Уильям Шекспир - Сонеты
Повторяем, простыми стихи Шекспира могли казаться только во времена господства высокопарности и изощренности поэтического стиля. Но он и в самом деле стремился уйти от чрезмерной приукрашенности, свойственной многим поэтическим произведениям той эпохи.
Поэты Возрождения любили идеализировать предмет своего поклонения. Типичный пример такой идеализации — стихотворение современника Шекспира, поэта Бартоломью Гриффина. В его цикле сонетов «Фидесса» (Fidessa) один сонет (39) посвящен воспеванию идеальной возлюбленной, которую поэт наделил всеми признаками красоты, считавшимися модными в то время. Во всяком случае, в стихах многих поэтов именно так было принято говорить о женской красоте. Привожу этот сонет целиком:
My lady’s hair is threads of beaten gold,
Her front the purest crystal eye hath seen,
Her eyes the brightest stars the heaven hold,
Her cheeks red roses such as seld have been;
Her pretty lips of red vermillion dye,
Her hand of ivory the purest white,
Her blush Aurora on the morning sky,
Her breast displays two silver fountains bright.
The spheres her voice, her grace the graces three:
Her body is the saint that I adore;
Her smiles and favours sweet as honey be;
Her feet fair Thetis praises evermore.
But ah, the worst and last is yet behind
For of a griffon[16] doth she bear the mind.
От этой мнимой возвышенности, от заштампованных образов и эпитетов Шекспир стремился уйти. В некоторых сонетах он иронизирует над выспренними сравнениями, которыми пользуются его современники. В сонете 127, описывая свою возлюбленную, Шекспир подчеркивает, что она не соответствует идеалу поэтов хотя бы уже потому, что волосы у нее черного цвета. А в знаменитом 130 сонете, бросив вызов всем штампам любовных сонетов, Шекспир создает яркий портрет своей возлюбленной, и каждая деталь в его описаниях говорит о том, что перед нами не поэтический вымысел, а живое существо:
My mistress’ eyes are nothing like the sun;
Coral is far more red than her lips’ red;
If snow be white, why then her breasts are dun;
If hairs be wires, black wires grow on her head…
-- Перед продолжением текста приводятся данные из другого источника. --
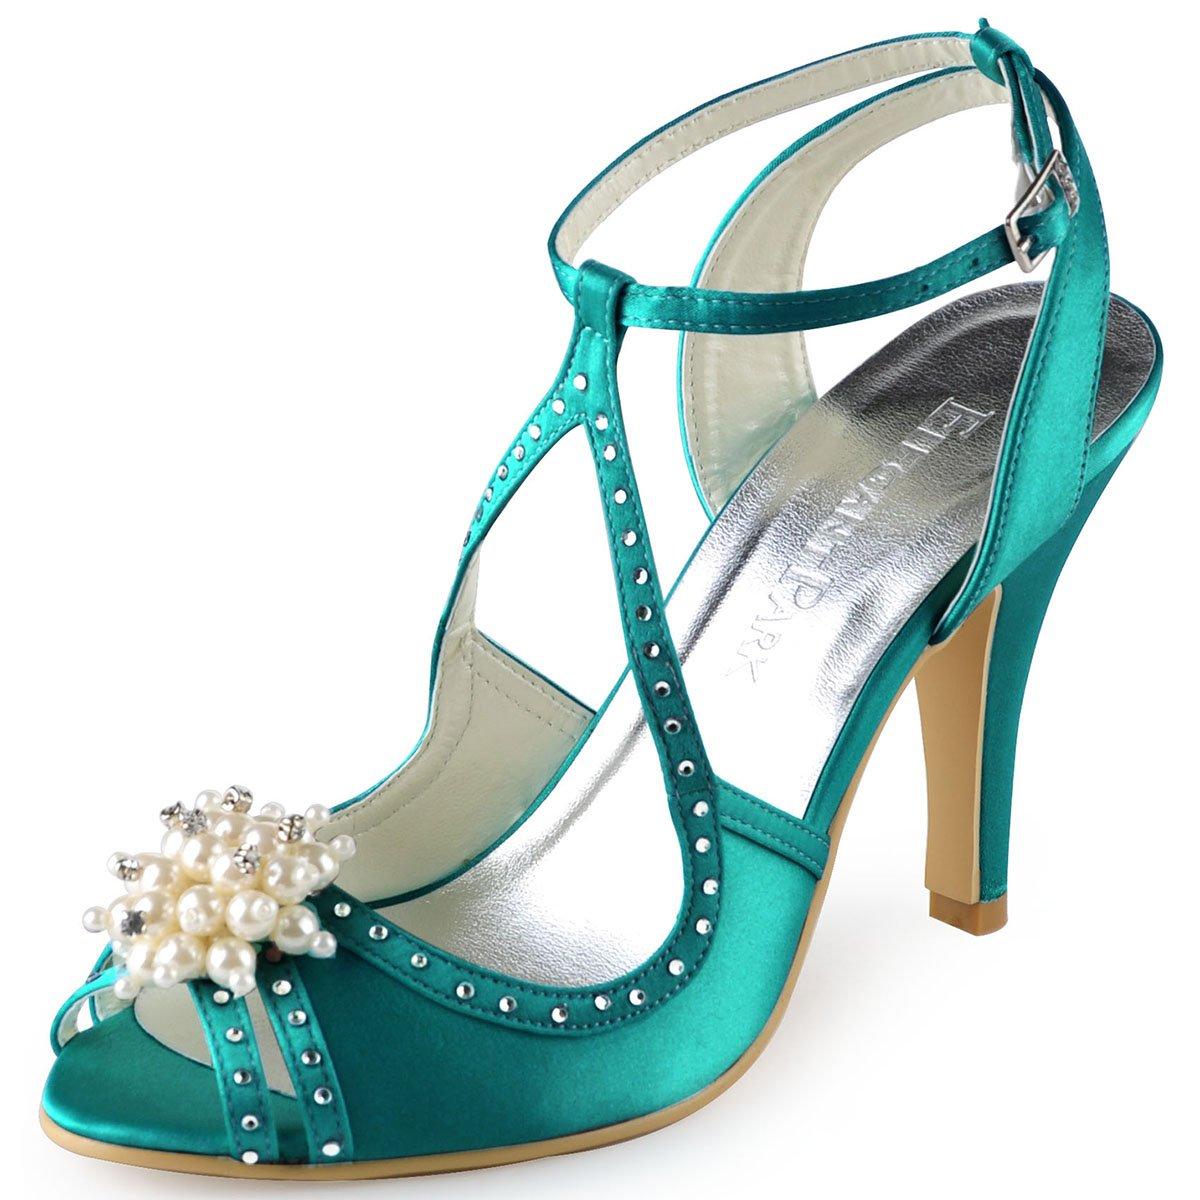 Elegantpark EP11058 Bout Aiguille Ouvert Satin Perle 19614 Strass Aiguille Mariage Talon Pumps Femme Sandales Chaussures de Mariage Sarcelle cc6b5a1 - latesttechnology.space

Если читатель даст себе труд сопоставить этот сонет с приведенным выше сонетом Гриффина, для него станет очевидной полемика Шекспира с условностями возвышенного поэтического стиля, принятого в те времена многими поэтами.
Сопоставление Шекспира и Гриффина мы нашли у американского критика Эдуарда Хаблера[17]. Другой исследователь английской поэзии произвел еще более показательное сравнение шекспировского сонета с шаблонами тогдашней поэзии[18]. В 1582 году Томас Уотсон, тот самый, который, по мнению Джорджа Стивенса, как поэт был чуть ли не лучше Шекспира, написал стихотворение, где воспел свою возлюбленную. Сопоставление этого стихотворения с сонетом 130 показывает, что Шекспир, создавая портрет своей возлюбленной, старательно подчеркнул все, что отличает ее именно от идеальной дамы сердца Томаса Уотсона.
У Уотсона:
Her yellow locks exceed the beaten gold
Her sparkling eyes in heav’n a place deserve
Her words are made all of silver sound
On either cheek a rose and lily lies
Her breath is sweet perfume or holy flame
Her lips more red than any coral stone
Her neck more white than aged swans that moan;
Her breast transparent is, like crystal rock
У Шекспира:
If hairs be wires, black wires grow on her head
My mistress’ eyes are nothing like the sun
I love to hear her speak, yet well I know
That music hath a far more pleasing sound
I have seen roses damask’d, red and white,
But no such roses see I in her cheeks
And in some perfumes is there more delight
Than in the breath that from my mistress reeks
Coral is far more red than her lips’ red
If snow be white, why then her breasts are dun
Комментарии здесь излишни.
Мы уже отметили, что в ряде стихотворений у Шекспира встречаются прозаизмы. Он сравнивает глаз с художником (24), ночные размышления уподобляет сессии суда (30). В сонетах 50 и 51 чувства влюбленного в часы разлуки сопоставляются с повадкой коня:
Then can no horse with my desire keep pace;
Therefore desire, of perfect’st love being made,
Shall neigh — no dull flesh — in his fiery race;
But love, for love, thus shall excuse my jade:
Since from thee going he went wilful-slow,
Towards thee I’ll run, and give him leave to go.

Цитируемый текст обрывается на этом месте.